WHAT THIS TASK INVOLVES —
Starting at the top of the entries below, set down each line exactly as written, and stop after the line containing "Canon EF 1.4x".
--- START ---
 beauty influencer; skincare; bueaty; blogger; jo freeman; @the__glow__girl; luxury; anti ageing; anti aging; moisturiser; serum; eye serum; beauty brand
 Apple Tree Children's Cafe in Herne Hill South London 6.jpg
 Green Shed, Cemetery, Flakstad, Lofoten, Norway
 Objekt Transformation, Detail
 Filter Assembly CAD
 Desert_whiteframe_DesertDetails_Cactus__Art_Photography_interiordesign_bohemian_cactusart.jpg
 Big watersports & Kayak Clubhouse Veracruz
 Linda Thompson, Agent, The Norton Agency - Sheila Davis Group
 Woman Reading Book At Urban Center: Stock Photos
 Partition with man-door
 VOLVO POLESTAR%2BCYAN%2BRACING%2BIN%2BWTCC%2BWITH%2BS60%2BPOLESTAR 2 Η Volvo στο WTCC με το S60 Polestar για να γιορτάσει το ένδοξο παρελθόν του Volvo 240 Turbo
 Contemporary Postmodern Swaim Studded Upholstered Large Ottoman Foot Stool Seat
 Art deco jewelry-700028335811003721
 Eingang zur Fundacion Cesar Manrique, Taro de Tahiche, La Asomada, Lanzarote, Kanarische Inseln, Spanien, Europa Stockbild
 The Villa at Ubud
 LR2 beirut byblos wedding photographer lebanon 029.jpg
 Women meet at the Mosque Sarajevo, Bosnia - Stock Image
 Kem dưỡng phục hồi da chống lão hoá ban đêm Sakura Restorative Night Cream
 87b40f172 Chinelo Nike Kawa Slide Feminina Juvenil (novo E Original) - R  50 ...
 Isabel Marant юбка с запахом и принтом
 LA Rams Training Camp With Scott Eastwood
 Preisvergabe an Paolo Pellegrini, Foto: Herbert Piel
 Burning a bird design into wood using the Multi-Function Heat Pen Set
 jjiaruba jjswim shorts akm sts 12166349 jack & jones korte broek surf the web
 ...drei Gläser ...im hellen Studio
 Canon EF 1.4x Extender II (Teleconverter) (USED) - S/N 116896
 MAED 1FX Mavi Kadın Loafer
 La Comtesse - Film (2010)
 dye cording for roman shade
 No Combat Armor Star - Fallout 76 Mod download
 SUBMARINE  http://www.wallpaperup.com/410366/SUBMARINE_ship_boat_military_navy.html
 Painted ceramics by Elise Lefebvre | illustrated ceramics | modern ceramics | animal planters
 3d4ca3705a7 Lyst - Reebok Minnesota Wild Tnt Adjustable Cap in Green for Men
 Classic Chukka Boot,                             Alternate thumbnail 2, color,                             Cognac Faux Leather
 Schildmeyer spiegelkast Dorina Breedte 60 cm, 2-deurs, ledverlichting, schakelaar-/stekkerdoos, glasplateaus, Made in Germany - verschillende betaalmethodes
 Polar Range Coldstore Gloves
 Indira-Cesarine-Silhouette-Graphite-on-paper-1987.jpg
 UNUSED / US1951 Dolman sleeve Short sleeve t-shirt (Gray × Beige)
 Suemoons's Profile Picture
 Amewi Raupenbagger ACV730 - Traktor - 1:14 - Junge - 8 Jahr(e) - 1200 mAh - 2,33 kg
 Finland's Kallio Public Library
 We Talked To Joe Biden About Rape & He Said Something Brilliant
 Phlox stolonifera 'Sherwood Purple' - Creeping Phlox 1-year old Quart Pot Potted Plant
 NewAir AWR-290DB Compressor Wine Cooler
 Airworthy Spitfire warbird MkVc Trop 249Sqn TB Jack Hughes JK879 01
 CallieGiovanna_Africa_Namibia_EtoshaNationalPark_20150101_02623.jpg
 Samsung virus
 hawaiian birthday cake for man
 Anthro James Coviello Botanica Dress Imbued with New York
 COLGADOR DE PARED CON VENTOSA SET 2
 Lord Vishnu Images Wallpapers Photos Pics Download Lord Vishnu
--- END ---
TASK SOLUTION —
 beauty influencer; skincare; bueaty; blogger; jo freeman; @the__glow__girl; luxury; anti ageing; anti aging; moisturiser; serum; eye serum; beauty brand
 Apple Tree Children's Cafe in Herne Hill South London 6.jpg
 Green Shed, Cemetery, Flakstad, Lofoten, Norway
 Objekt Transformation, Detail
 Filter Assembly CAD
 Desert_whiteframe_DesertDetails_Cactus__Art_Photography_interiordesign_bohemian_cactusart.jpg
 Big watersports & Kayak Clubhouse Veracruz
 Linda Thompson, Agent, The Norton Agency - Sheila Davis Group
 Woman Reading Book At Urban Center: Stock Photos
 Partition with man-door
 VOLVO POLESTAR%2BCYAN%2BRACING%2BIN%2BWTCC%2BWITH%2BS60%2BPOLESTAR 2 Η Volvo στο WTCC με το S60 Polestar για να γιορτάσει το ένδοξο παρελθόν του Volvo 240 Turbo
 Contemporary Postmodern Swaim Studded Upholstered Large Ottoman Foot Stool Seat
 Art deco jewelry-700028335811003721
 Eingang zur Fundacion Cesar Manrique, Taro de Tahiche, La Asomada, Lanzarote, Kanarische Inseln, Spanien, Europa Stockbild
 The Villa at Ubud
 LR2 beirut byblos wedding photographer lebanon 029.jpg
 Women meet at the Mosque Sarajevo, Bosnia - Stock Image
 Kem dưỡng phục hồi da chống lão hoá ban đêm Sakura Restorative Night Cream
 87b40f172 Chinelo Nike Kawa Slide Feminina Juvenil (novo E Original) - R  50 ...
 Isabel Marant юбка с запахом и принтом
 LA Rams Training Camp With Scott Eastwood
 Preisvergabe an Paolo Pellegrini, Foto: Herbert Piel
 Burning a bird design into wood using the Multi-Function Heat Pen Set
 jjiaruba jjswim shorts akm sts 12166349 jack & jones korte broek surf the web
 ...drei Gläser ...im hellen Studio
 Canon EF 1.4x Extender II (Teleconverter) (USED) - S/N 116896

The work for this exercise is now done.